进一步查看详情,发现线程池中阻塞对列占据2GB多的内存。
查看代码中使用该线程池的地方,如下,使用场景是频繁的读取数据向线程池提交数据处理任务。
private final ExecutorService TASK_POOL = new ThreadPoolExecutor(10, 20, 2L, TimeUnit.HOURS, new LinkedBlockingQueue<>());
@Value("${kafka.producer.topic}")
private String topic;
@Autowired
private DataNumService dataNumService;
@Override
public BaseResult readin(List<DeviceData> deviceDatas) {
BaseResult result = new BaseResult("0", "成功", "");
try {
String receiveTime = DateUtil.getCurrentDateTime();
//提交任务
TASK_POOL.submit(new SendDataTask(counter, deviceDatas, receiveTime,topic));
} catch (Exception e) {
result.setCode("-1");
result.setMsg("失败");
log.error("readin调用发生异常!", e);
}
return result;
}
3.分析
代码中使用new ThreadPoolExecutor(10, 20, 2L, TimeUnit.HOURS, new LinkedBlockingQueue<>())创建了一个核心线程数为10,最大线程数为20,阻塞对列未指定长度的线程池。
首先看下线程池的运行流程:
一个请求进来之后,如果核心线程有空闲,线程直接使用核心线程中的线程执行任务,不会添加到阻塞队列中;如果核心线程满了,新的任务会添加到阻塞队列,直到队列加满再开线程,直到达到最大线程数maxPoolSize之后再触发拒绝执行策略。

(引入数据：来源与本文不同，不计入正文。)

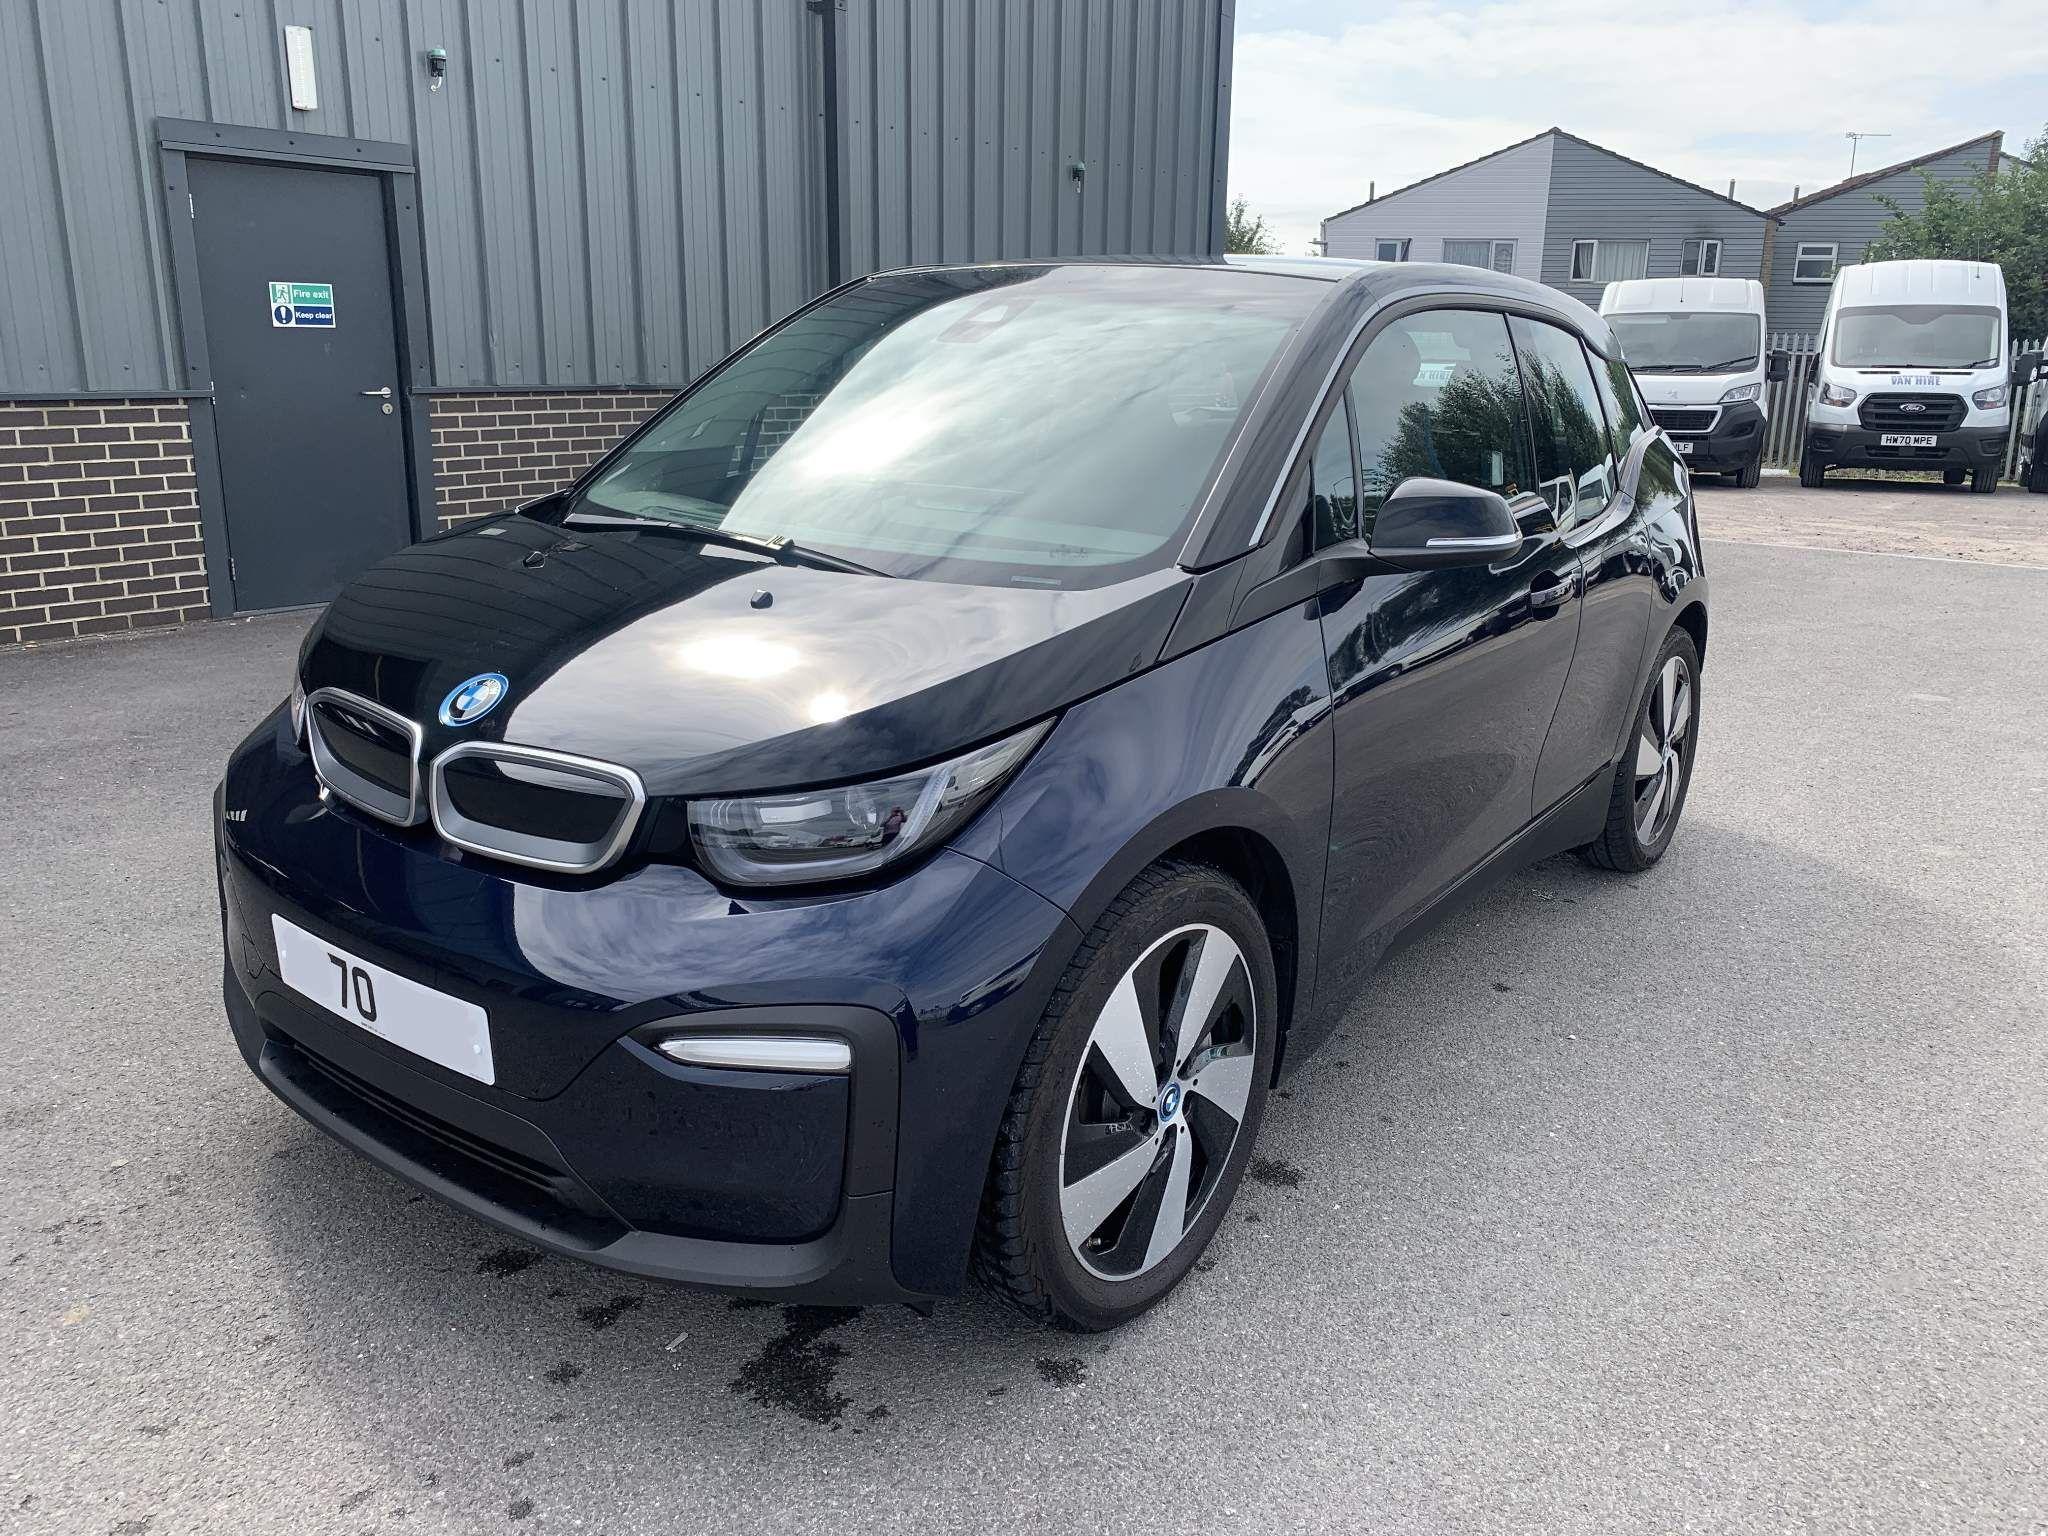 BMWi3 42.2kWh 5 door42.2kWh 5 door For Sale

基于排查过程和线程池的工作流程,要找到阻塞队列内存溢出的原因,而代码中的线程池使用的
new LinkedBlockingQueue<>()来创建的队列,查看LinkedBlockingQueue的构造方法,发现如果不主动指定队列大小,则默认的代销是,我们的线程池只有10个线程可以处理任务,其他的请求全部放到阻塞队列中,那么当涌入大量的请求之后,阻塞队列一直增加,内存配置又比较紧凑的话,是很容易出现内存溢出的。
/**
* Creates a {@code LinkedBlockingQueue} with a capacity of
* {@link Integer#MAX_VALUE}.
*/
public LinkedBlockingQueue() {
this(Integer.MAX_VALUE);
}
如何正确的使用线程池:
以前其实没太在意这种问题,使用ThreadPoolExecutor创建需要自己指定核心线程数、最大线程数、线程的空闲时长以及阻塞队列。在队列满了并且达到最大线程数之后,再添加的话会出现异常,还是会有部分不能得到执行。
3种阻塞队列
ArrayBlockingQueue:基于数组的先进先出队列,有界
LinkedBlockingQueue:基于链表的先进先出队列,有界
SynchronousQueue:无缓冲的等待队列,无界
我们使用了有界的队列,那么当队列满了之后如何处理后面进入的请求,我们可以通过不同的策略进行设置。
4种拒绝策略
AbortPolicy:默认,队列满了丢任务抛出异常
DiscardPolicy:队列满了丢任务不异常
DiscardOldestPolicy:将最早进入队列的任务删,之后再尝试加入队列
CallerRunsPolicy:如果添加到线程池失败,那么主线程会自己去执行该任务
如何创建一个容错率比较高的线程池?指定队列容量并使用CallerRunsPolicy策略,当队列满了之后,使用主线程去进行处理,这样就不会出现有部分请求得不到执行的情况,也不会因为因为阻塞队列过大导致内存溢出的情况。
4.问题解决
在创建线程池时指定队列容量并且使用CallerRunsPolicy拒绝策略,如下:
private final ExecutorService TASK_POOL = new ThreadPoolExecutor(10, 20, 2L, TimeUnit.HOURS, new LinkedBlockingQueue<>(1000),new ThreadPoolExecutor.CallerRunsPolicy());
经过验证,问题解决。
5.总结
关于线程池在业务中的使用,主要注意以下几点:
- 避免使用全局线程池:如果从全局考虑去创建线程池,是很难把控的,因为你无法准确地评估所有的请求加起来会有多大的量,所以最好是每个业务创建独立的线程池进行处理,这样是很容易评估量化的。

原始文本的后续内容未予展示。